E' duttile e capace di passaggi velocissimi dal basso verso l'alto. La versione
accelerata di "Bocca di rosa" è sempre un pezzo di bravura e strappa ovazioni. In
uno spiritual la cantante è virtuosistica e convincente e dimostra un sapiente uso
del microfono. Quando rimane da solo
Ferruccio
Spinetti si impegna al contrabbasso in un'"Estate" di
Bruno Martino
con echi hendrixiani, molto ben riuscita. E' stralunata, ironica e dissacrante la
sanremese "Non ho l'età", lontanissima dalla versione della Cinquetti.
Fra i brani dell'ultimo disco "Complici" si fa raccomandare "Rimando", scritta con
la collaborazione dei "Subsonica". Non manca un intermezzo classico "L'aria sulla
quarta corda" di Bach (sigla di "Superquark") con le parole scritte da Al Jarreau,
quasi a chiudere un cerchio fra chi ha introdotto la rassegna e chi va quasi a concluderla.
Fra i bis imposti dall'entusiasmo dei presenti un'altra hit del loro repertorio,
l'impagabile beatlesiana "Come together".

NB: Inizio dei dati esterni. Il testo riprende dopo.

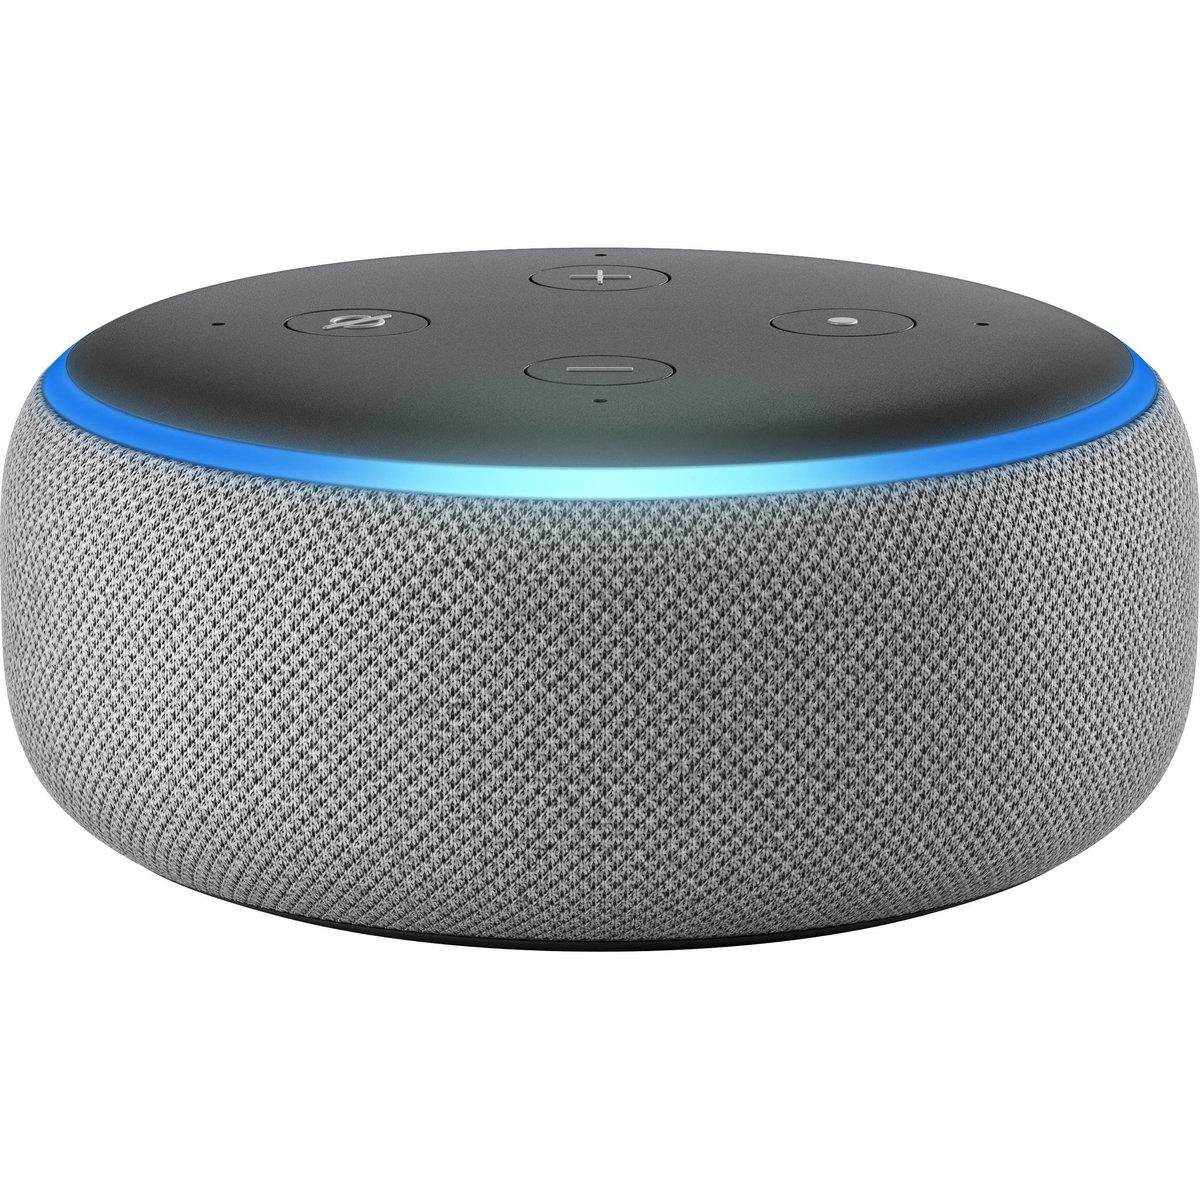 Echo Dot 3代 智能無線喇叭 (內置語音助手) 灰色 - 平行進口

Tripudio finale per un concerto sicuramente popolare, ma con una sua cifra stilistica
raffinata e originale.
14 agosto 2011
Manomanouche "Django Remembering"
Quella che è in apparenza una repertory band, come il gruppo dichiara fin
dal nome, è un omaggio sentito alla musica di
Django
Reinhardt ma talmente fragrante e vitale che in nessun istante appare
l'ombra dell'accademismo o della celebrazione. Formazione stabile e unita da anni
affronta questo repertorio e stile musicale senza timori riverenziali o desiderio
di annullarsi, ma con un grande rispetto, stima e umiltà. Ciò che rende unici i
Manomanuche è il desiderio costante e strutturante di attualizzare uno stile reinventandolo
ogni giorno e la gioia di suonare questa musica. Nunzio Barbieri affronta con piglio
sicuro, grande maestria, swing, e una buona dose di "incoscienza" l'improbabile compito
di evocare Django, ma il tutto avviene con la consapevolezza costante dell'inarrivabilità
e insieme inutilità di tentare di replicare la musica di Reinhardt pertanto, intelligentemente,
si assiste al tentativo, pienamente riuscito, di rivivificare la musica gitana
con una grande dose di umiltà e divertimento. Anche il timbro inconfondibile dell'originale,
dato dalla compresenza di violino, chitarra e contrabbasso, subisce qui una, neppur
tanto lieve ma gustosissima, sfasatura: la fisarmonica di Pitzianti conferisce un
inedito colore mirabilmente in tono con quel gusto francese che pervade la musica
di Django.
Inutile soffermarsi sul singolo brano, la scaletta alterna originali a brani d'epoca
senza che si noti alcuna frattura o sfasatura a dimostrazione di come gli originali
di Django
Reinhardt siano stati fatti propri e reinventati dall'interno.